Hereinafter, the separation signal y1i for a predetermined time length acquired here is referred
to as one frame of separation signal y1i.
[0023]
Next, for each of the first output channels Op1i, frequency analysis calculation (automatic
calculation) is performed on the separation signal y1i for each frame obtained in step S2 by the
frequency analysis unit 24 to obtain the separation signal y1i The feature quantities of the
frequency are calculated (S3, S4). More specifically, first, window function processing is
performed on each of the separated signals y1i acquired in step S2 (S3), and FFT analysis
calculation is performed on the separated signals multiplied by the window function (S4) .
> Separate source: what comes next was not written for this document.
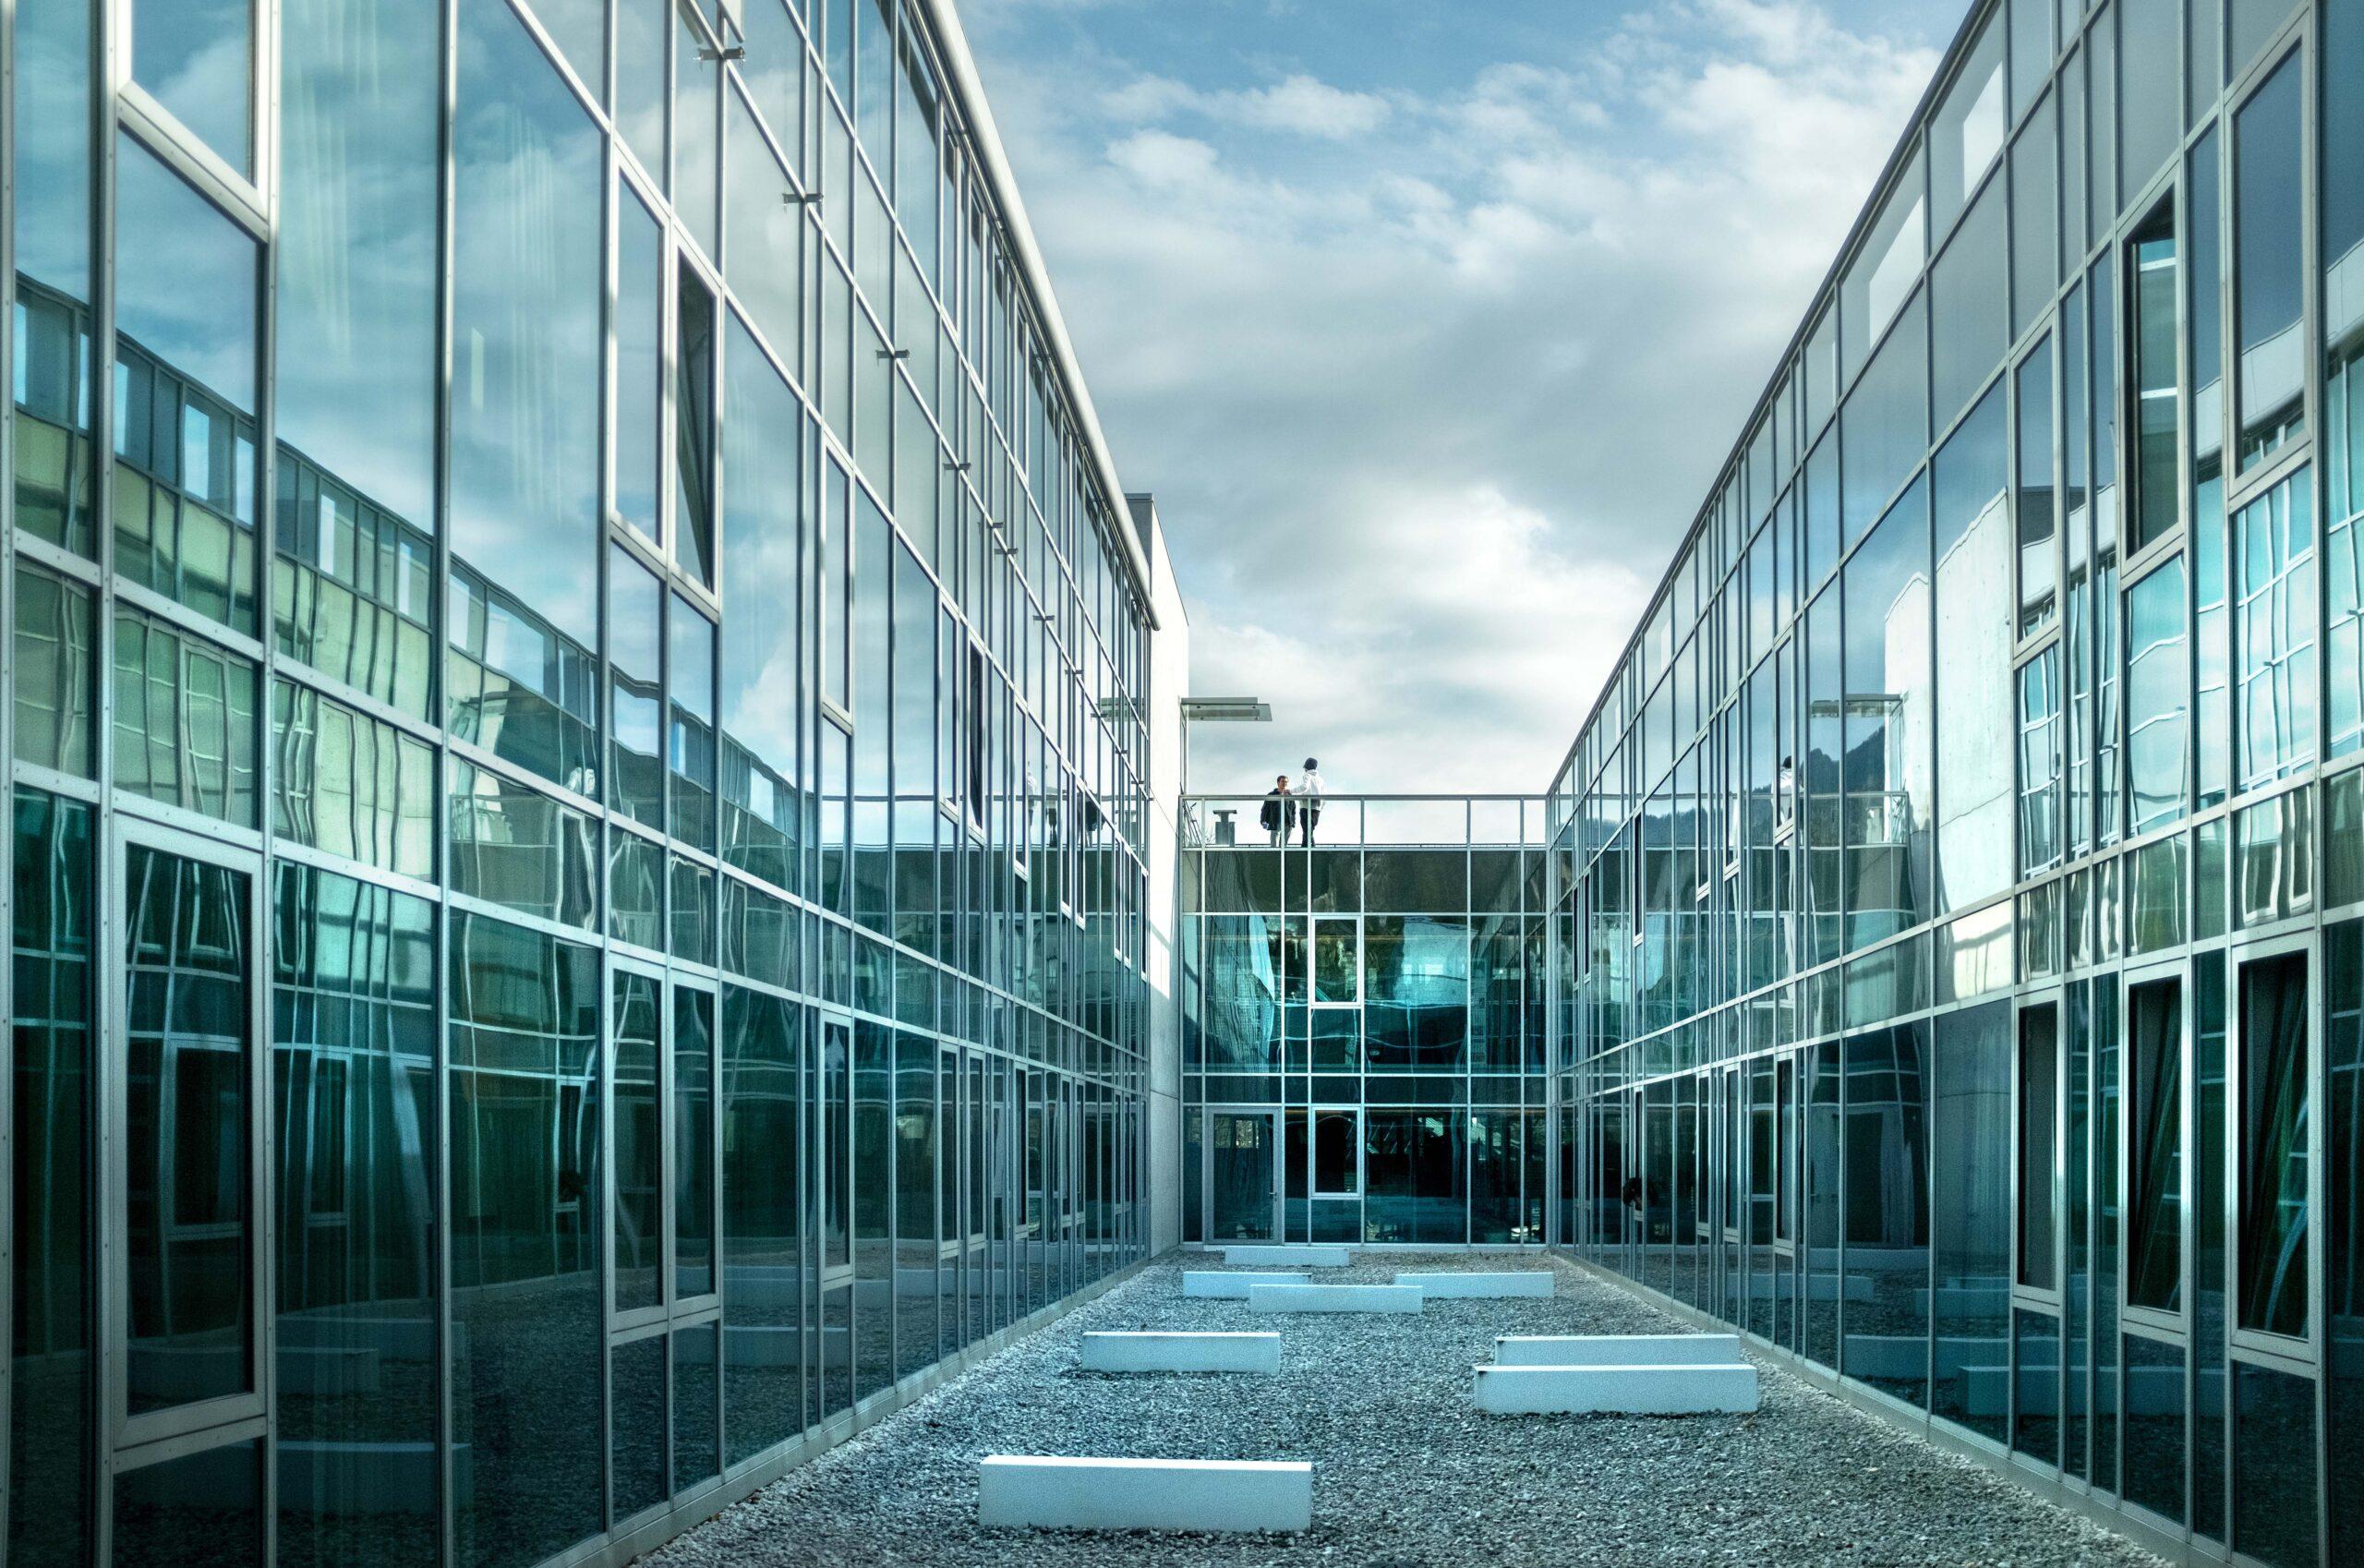 Unipark glass facade from inner courtyard

Furthermore, based on the power spectrum of each of the separated signals y1i for one frame
obtained by the FFT analysis calculation, the peak frequency in the power spectrum is derived as
the feature amount of each of the separated signals y1i (S4). Here, as the peak frequency in the
power spectrum, for example, among the frequencies indicating the peak of the power, one
having the largest peak value, one having the peak value falling within the predetermined order
from the largest peak value, etc. can be considered. . Moreover, as frequency analysis calculation,
other than FFT (Fast Fourier Transform: Fast Fourier Transform) analysis calculation, analysis
calculation based on self-regressive MEM (Maximum Entropy Method), AR (Auto Regression:
Auto Regressive) model It is possible to adopt a well-known method of frequency analysis
calculation such as analysis calculation based on. In addition to the peak frequency in the power
spectrum, the distribution range of the power spectrum (for example, the range of the frequency
having a power of a predetermined level or more) or the like can be considered as the feature of
the separated signal y1i.
[0024]
Next, it is judged by the frequency analysis unit 24 whether or not the feature quantity is stored
10-04-2019
15
(stored) in the data storage unit 25 based on the separated signal y1i for the past m frames (S5).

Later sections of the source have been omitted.